To calculate the elongation of the rod, we can use the formula for axial deformation:
ΔL = (F * L) / (E * A)
Where:
ΔL = Axial deformation (elongation) of the rod
F = Applied axial force on the rod (50 kN = 50,000 N)
L = Length of the rod (2 m = 2000 mm)
E = Young's modulus of elasticity for the alloy (140 GN/m² = 140 x 10^9 N/m²)
A = Cross-sectional area of the rod at the tapered end (30 mm diameter = 15 mm radius, A = π * r^2)
First, let's find the cross-sectional area of the rod at the tapered end:
A = π * r^2
A = π * (15 mm)^2
A ≈ π * 225 mm²
A ≈ 706.858 mm²
Now, we can calculate the elongation of the rod using the formula:
ΔL = (F * L) / (E * A)
ΔL = (50,000 N * 2000 mm) / (140 x 10^9 N/m² * 706.858 mm²)
ΔL = (100,000,000 mm² N) / (98.90 x 10^9 N.mm²)
ΔL ≈ 1.01 mm
Therefore, the elongation of the rod under an axial force of 50 kN is approximately 1.01 mm.
To calculate the elongation of the rod, we need to use the equation for axial deformation:
ΔL = (F * L) / (E * A)
where:
ΔL is the elongation or change in length,
F is the axial force applied to the rod,
L is the original length of the rod,
E is the Young's modulus or elasticity modulus of the material, and
A is the cross-sectional area of the rod.
First, let's calculate the change in cross-sectional area at each end of the rod:
Area1 = π * (diameter1/2)^2
Area1 = π * (30 mm / 2)^2
Area1 = π * 15^2
Area1 = 225π mm^2
Area2 = π * (diameter2/2)^2
Area2 = π * (20 mm / 2)^2
Area2 = π * 10^2
Area2 = 100π mm^2
Next, we need to find the average area along the length of the rod.
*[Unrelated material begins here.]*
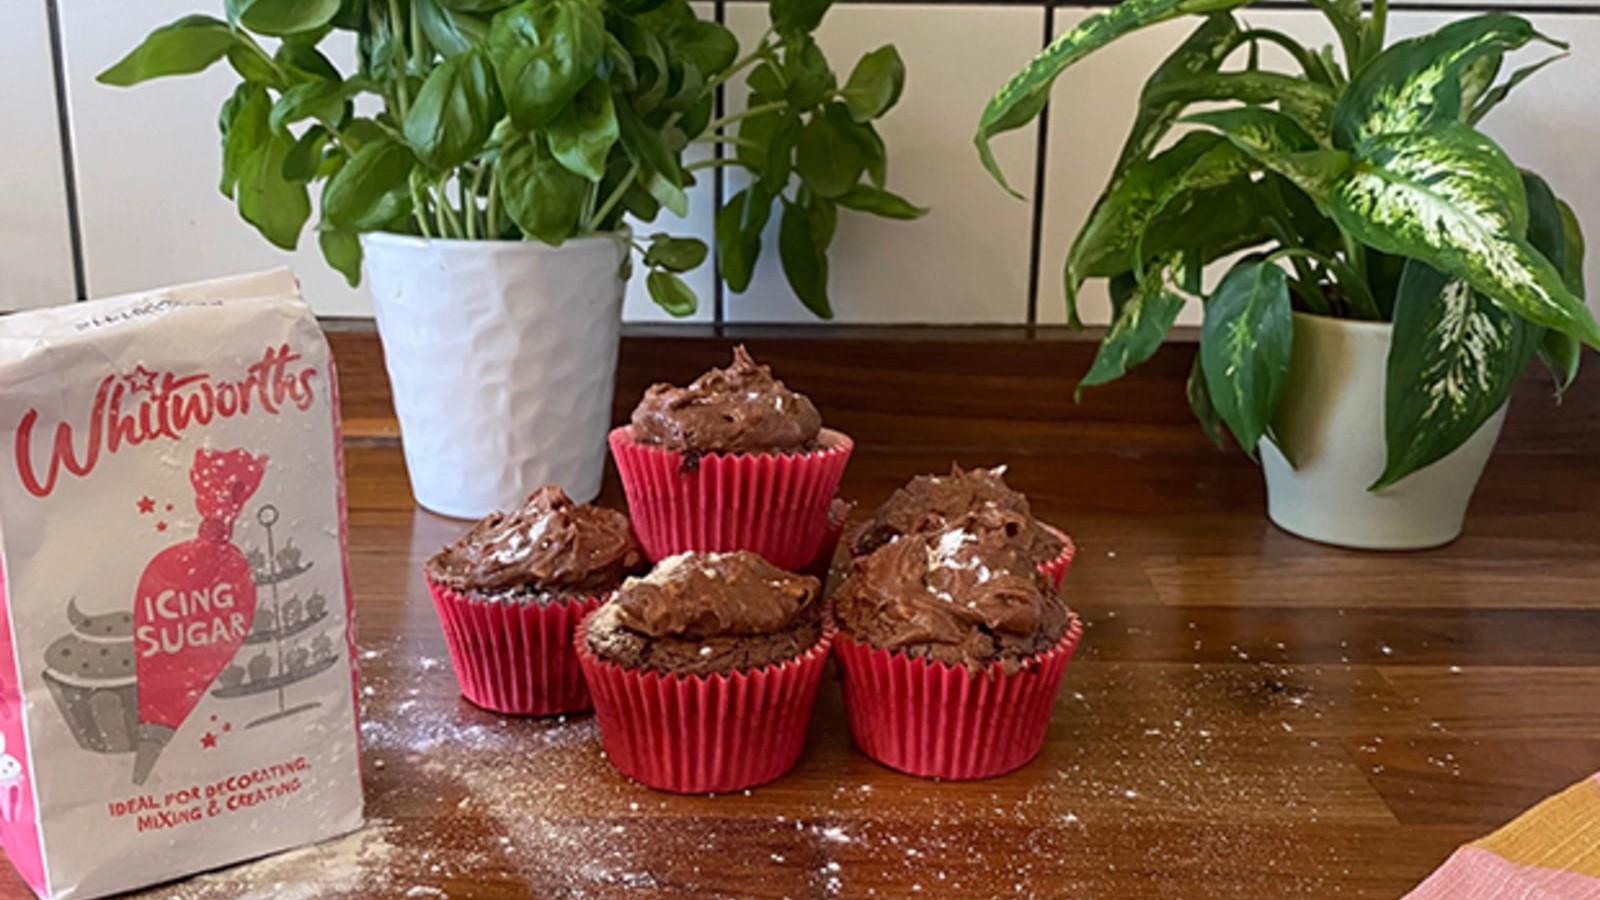 Image of Vegan Chocolate Cupcakes with Peanut Butter Icing

Since the rod tapers uniformly, we can use the mean diameter:
diameter_mean = (diameter1 + diameter2) / 2
diameter_mean = (30 mm + 20 mm) / 2
diameter_mean = 25 mm
Now, we can calculate the average area:
Area_mean = π * (diameter_mean/2)^2
Area_mean = π * (25 mm / 2)^2
Area_mean = π * 12.5^2
Area_mean = 156.25π mm^2
We also need to convert the length to meters:
L = 2 m
Now, we have all the values to calculate the elongation:
ΔL = (F * L) / (E * A)
Plugging in the values:
ΔL = (50 kN * 2 m) / (140 GN/m^2 * 156.25π mm^2)
ΔL = (100,000 N * 2 m) / (140 * 10^9 N/m^2 * 156.25π * 10^-6 m^2)
Now, calculate the final value to get the elongation in meters.